As you may recall from yesterday, Ted Haggard‘s announced he’ll be moving to Iowa or Missouri, rather than back to Colorado Springs: the quiet town he fled after admitting to inappropriate contact with hooker Mike Jones, including buying meth. But what of his sexual counseling? What’s the final verdict on Teddy Boy’s libidinal rebirth? Completely successful, of course!
The Denver Post reports:
The Rev. Ted Haggard emerged from three weeks of intensive counseling convinced he is “completely heterosexual” and told an oversight board that his sexual contact with men was limited to his accuser.
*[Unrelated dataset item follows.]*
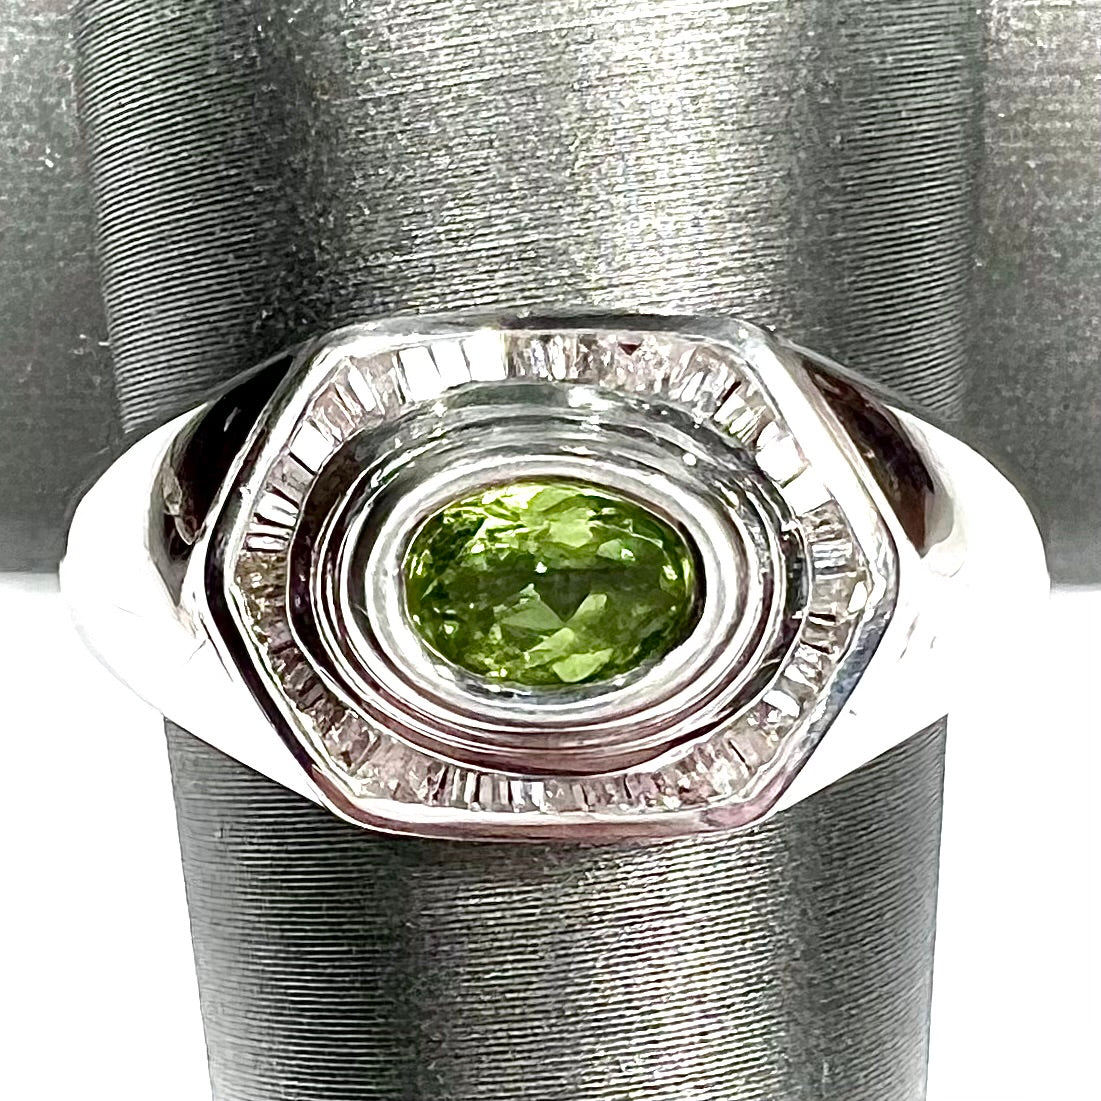 A sterling silver men's ring set with green peridot surrounded by baguette cut diamonds.

One of the men on that board, Reverend Tim Ralph, also told the Post that he and his colleagues recommended Haggard and wife Gayle move on to greener pastures, but insists he believes Haggard’s sexual claims:
[Haggard] is completely heterosexual. That is something he discovered. It was the acting- out situations where things took place. It wasn’t a constant thing. If we’re going to be proved wrong, somebody else is going to come forward, and that usually happens really quickly. We’re into this thing over 90 days, and it hasn’t happened.
Sure, no one’s come forward to admit having sex with the Evangelical preacher man, but didn’t he say something to Mike Jones about wanting to have an orgy with six young men? No matter, we’re sure he’s totally learned his lesson: repression’s the best medicine.